AI can forecast your future health – just like the weather

James GallagherHealth and science correspondent

Jeff Dowling/EMBL-EBI The back of a dark-haired man's head and shoulders as he looks at a computer screen. You can see lines of computer code and multicoloured graphs being produced although their meaning is unclear form the image. Jeff Dowling/EMBL-EBI

Artificial intelligence can predict people’s health problems over a decade into the future, say scientists.

The technology has learned to spot patterns in people’s medical records to calculate their risk of more than 1,000 diseases.

The researchers say it is like a weather forecast that anticipates a 70% chance of rain – but for human health.

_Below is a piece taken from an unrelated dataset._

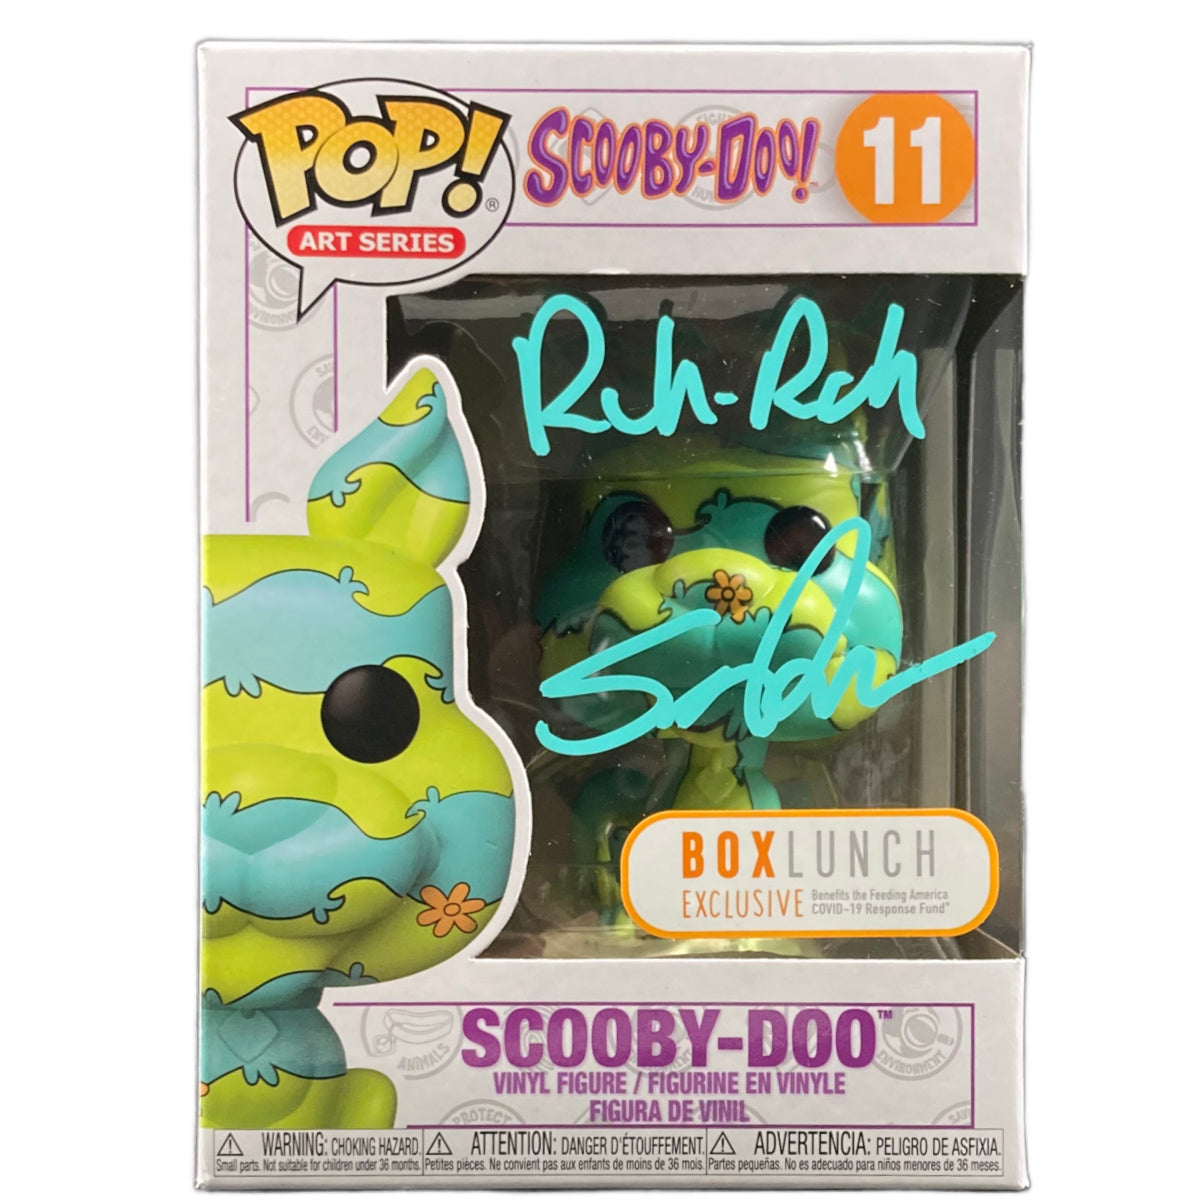 Scott Innes Signed Funko POP Scooby-Doo! 11 Box Lunch Autographed JSA COA
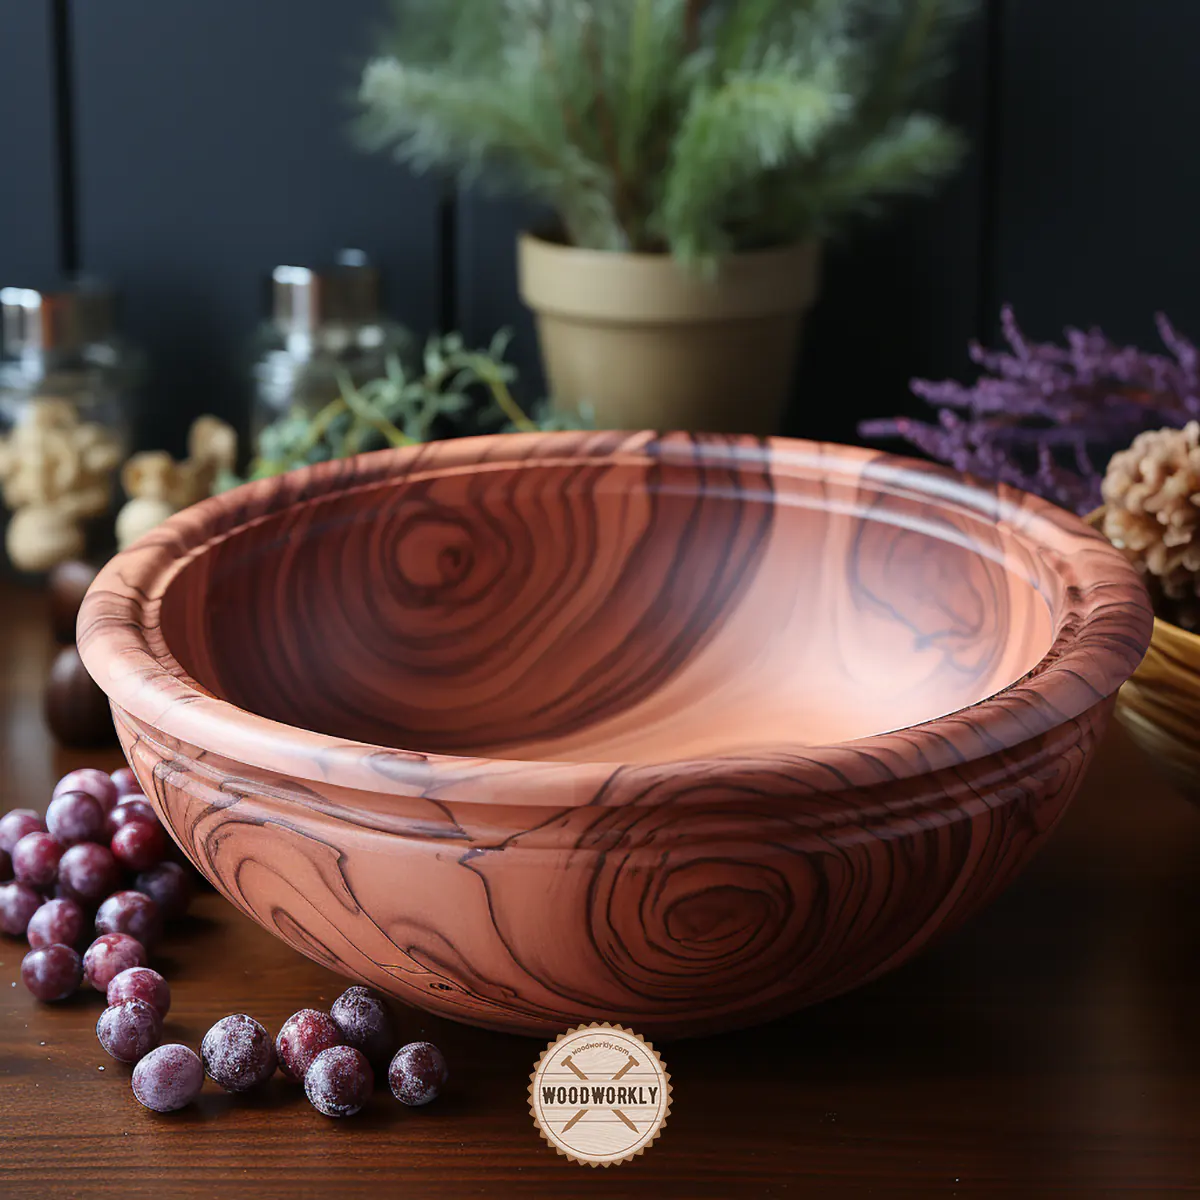 Cedar wood kitchen bowl

Their vision is to use the AI model to spot high-risk patients to prevent disease and to help hospitals understand demand in their area, years ahead of time.

The model – called Delphi-2M – uses similar technology to well-known AI chatbots like ChatGPT.

AI chatbots are trained to understand patterns of language so they can predict the sequence of words in a sentence.

Delphi-2M has been trained to find patterns in anonymous medical records so it can predict what comes next and when.

It doesn’t predict exact dates, like a heart attack on October 1, but instead estimates the likelihood of 1,231 diseases.

“So, just like weather, where we could have a 70% chance of rain, we can do that for healthcare,” Prof Ewan Birney, the interim executive director of the European Molecular Biology Laboratory, told me.

“And we can do that not just for one disease, but all diseases at the same time – we’ve never been able to do that before. I’m excited,” he said.

Jeff Dowling/EMBL-EBI The male professor, who has greyish-brown hair, stares at the camera wearing a blue shirt and brown checked suit - there is a blurred green background of trees and bushes behind himeJeff Dowling/EMBL-EBI

The AI model was initially developed using anonymous UK data – including hospital admissions, GP records and lifestyle habits such as smoking – collected from more than 400,000 people as part of the UK Biobank research project.

The model was then tested to see if its predictions stacked up using data from other Biobank participants, and then with 1.9 million people’s medical records in Denmark.

“It’s good, it’s really good in Denmark,” says Prof Birney.

“If our model says it’s a one-in-10 risk for the next year, it really does seem like it turns out to be one in 10.”

The model is best at predicting diseases like type 2 diabetes, heart attacks and sepsis that have a clear disease progression, rather than more random events like infections.

What can you do with the results?

People are already offered a cholesterol-lowering statin based on a calculation of their risk of a heart attack or stroke.

The AI tool is not ready for clinical use, but the plan is to use it in a similar way, to spot high-risk patients while there is an opportunity to intervene early and prevent disease.

This could include medicines or specific lifestyle advice – such as people likely to develop some liver disorders benefitting from cutting back their alcohol intake more than the general population.

The artificial intelligence could also help inform disease-screening programmes and analyse all the healthcare records in an area to anticipate demand – such as how many heart attacks a year there will be in Norwich in 2030, to help plan resources.

“This is the beginning of a new way to understand human health and disease progression,” said Prof Moritz Gerstung, head of the division of AI in oncology at DKFZ, the German Cancer Research Centre.

He added: “Generative models such as ours could one day help personalise care and anticipate healthcare needs at scale.”

The AI model, described in the scientific journal Nature, needs refining and testing before it is used clinically.

There are also potential biases as it was built from UK Biobank data which is drawn mostly from people aged 40 to 70, rather than the whole population.

The model is now being upgraded to account for more medical data such as imaging, genetics and blood analysis.

But Prof Birney says: “Just to stress, this is research – everything needs to be tested and well-regulated and thought about before it’s used, but the technology is here to make these kinds of predictions.”

He anticipates it will follow a similar path to the use of genomics in healthcare where it took a decade to go from scientists being confident in the technology to healthcare being able to use it routinely.

The study was a collaboration between the European Molecular Biology Laboratory, the German Cancer Research Centre (DKFZ) and the University of Copenhagen.

Prof Gustavo Sudre, a neuroimaging and AI researcher at King’s College London, commented: “This research looks to be a significant step towards scalable, interpretable, and – most importantly – ethically responsible form of predictive modelling in medicine.”